-- Entries supplied --
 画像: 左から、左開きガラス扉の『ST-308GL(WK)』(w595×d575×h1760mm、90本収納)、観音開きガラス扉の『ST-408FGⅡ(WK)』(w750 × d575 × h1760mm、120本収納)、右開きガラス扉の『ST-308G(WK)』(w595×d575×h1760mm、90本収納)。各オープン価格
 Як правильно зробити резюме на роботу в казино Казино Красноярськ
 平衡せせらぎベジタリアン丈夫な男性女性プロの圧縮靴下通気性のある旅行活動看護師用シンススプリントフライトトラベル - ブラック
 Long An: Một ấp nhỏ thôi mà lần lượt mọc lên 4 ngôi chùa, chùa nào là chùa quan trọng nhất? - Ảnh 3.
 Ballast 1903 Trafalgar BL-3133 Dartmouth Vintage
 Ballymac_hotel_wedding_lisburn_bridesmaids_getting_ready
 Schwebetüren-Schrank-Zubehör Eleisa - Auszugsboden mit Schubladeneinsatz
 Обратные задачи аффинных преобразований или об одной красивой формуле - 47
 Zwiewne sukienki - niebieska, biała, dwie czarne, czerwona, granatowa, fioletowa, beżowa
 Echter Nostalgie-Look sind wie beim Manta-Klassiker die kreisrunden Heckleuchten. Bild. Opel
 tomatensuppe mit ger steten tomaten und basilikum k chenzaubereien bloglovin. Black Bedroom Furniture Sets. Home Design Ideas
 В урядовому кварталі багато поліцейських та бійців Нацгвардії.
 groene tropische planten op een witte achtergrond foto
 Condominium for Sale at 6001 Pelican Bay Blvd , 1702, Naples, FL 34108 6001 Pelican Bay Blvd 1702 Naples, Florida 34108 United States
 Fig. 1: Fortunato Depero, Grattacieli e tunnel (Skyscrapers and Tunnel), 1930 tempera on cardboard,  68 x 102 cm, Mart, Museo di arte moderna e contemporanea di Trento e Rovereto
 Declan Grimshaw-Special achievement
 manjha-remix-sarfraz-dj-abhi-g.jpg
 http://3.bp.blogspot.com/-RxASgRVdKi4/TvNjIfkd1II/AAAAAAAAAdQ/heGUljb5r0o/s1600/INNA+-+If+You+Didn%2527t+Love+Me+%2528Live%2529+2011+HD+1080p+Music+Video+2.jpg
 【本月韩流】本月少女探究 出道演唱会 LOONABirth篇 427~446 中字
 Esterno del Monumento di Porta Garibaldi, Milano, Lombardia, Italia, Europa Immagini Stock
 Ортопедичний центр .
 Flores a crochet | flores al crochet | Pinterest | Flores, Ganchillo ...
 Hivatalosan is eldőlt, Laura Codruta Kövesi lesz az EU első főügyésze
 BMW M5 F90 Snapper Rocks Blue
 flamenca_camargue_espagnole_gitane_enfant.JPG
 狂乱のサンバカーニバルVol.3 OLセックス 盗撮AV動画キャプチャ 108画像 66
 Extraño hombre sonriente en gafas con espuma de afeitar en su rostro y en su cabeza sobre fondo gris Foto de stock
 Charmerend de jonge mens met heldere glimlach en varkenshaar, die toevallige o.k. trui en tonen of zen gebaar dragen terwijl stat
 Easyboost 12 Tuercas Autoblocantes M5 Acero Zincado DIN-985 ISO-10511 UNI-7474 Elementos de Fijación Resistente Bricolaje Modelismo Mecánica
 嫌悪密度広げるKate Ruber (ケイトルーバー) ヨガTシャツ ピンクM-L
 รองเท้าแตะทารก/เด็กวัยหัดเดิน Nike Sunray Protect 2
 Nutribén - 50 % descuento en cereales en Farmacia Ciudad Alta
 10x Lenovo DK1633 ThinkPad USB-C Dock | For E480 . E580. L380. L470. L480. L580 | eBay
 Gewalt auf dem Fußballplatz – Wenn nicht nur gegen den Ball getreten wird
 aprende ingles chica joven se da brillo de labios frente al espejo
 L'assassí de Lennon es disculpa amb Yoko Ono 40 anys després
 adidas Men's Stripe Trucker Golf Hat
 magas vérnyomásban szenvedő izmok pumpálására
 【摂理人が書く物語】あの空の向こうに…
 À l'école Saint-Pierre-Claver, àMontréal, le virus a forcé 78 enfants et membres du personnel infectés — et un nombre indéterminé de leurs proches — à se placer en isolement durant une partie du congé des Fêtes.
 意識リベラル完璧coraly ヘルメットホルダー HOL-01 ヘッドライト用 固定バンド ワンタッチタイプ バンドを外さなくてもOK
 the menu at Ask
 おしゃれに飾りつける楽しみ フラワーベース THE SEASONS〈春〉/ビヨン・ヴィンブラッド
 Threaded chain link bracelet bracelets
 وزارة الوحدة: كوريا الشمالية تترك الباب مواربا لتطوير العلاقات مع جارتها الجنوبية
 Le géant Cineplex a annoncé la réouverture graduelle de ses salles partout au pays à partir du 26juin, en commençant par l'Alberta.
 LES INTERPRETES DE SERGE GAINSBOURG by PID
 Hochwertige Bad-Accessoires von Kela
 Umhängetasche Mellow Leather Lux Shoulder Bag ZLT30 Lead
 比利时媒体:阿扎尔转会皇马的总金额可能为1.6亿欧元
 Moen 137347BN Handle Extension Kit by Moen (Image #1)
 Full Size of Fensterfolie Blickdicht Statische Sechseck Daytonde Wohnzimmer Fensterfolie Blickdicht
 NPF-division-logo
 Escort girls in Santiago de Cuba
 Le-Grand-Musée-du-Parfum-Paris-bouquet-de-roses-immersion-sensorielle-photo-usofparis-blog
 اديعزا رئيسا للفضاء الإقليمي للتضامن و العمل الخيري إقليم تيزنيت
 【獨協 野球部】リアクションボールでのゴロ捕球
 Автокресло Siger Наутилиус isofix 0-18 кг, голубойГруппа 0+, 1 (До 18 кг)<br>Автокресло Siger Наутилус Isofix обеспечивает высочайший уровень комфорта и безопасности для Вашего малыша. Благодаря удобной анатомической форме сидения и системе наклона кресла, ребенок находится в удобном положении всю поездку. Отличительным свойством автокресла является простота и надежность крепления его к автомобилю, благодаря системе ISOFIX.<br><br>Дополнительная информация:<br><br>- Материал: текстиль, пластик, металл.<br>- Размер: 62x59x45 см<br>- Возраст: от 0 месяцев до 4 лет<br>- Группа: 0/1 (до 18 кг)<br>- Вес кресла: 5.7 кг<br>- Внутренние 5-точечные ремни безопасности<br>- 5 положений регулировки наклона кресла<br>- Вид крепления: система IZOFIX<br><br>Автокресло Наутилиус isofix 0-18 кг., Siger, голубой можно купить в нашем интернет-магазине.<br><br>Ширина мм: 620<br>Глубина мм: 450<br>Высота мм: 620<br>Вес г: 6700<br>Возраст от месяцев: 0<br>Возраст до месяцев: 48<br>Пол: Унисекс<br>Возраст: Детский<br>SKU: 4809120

-- What this task involves --
In the entries above, restate word for word the lines between the one holding "Flores a crochet" and the one holding "狂乱のサンバカーニバルVol.3 OLセックス 盗撮AV動画キャプチャ 108画像 66", inclusive, and nothing besides.

-- Result of the exercise --
 Flores a crochet | flores al crochet | Pinterest | Flores, Ganchillo ...
 Hivatalosan is eldőlt, Laura Codruta Kövesi lesz az EU első főügyésze
 BMW M5 F90 Snapper Rocks Blue
 flamenca_camargue_espagnole_gitane_enfant.JPG
 狂乱のサンバカーニバルVol.3 OLセックス 盗撮AV動画キャプチャ 108画像 66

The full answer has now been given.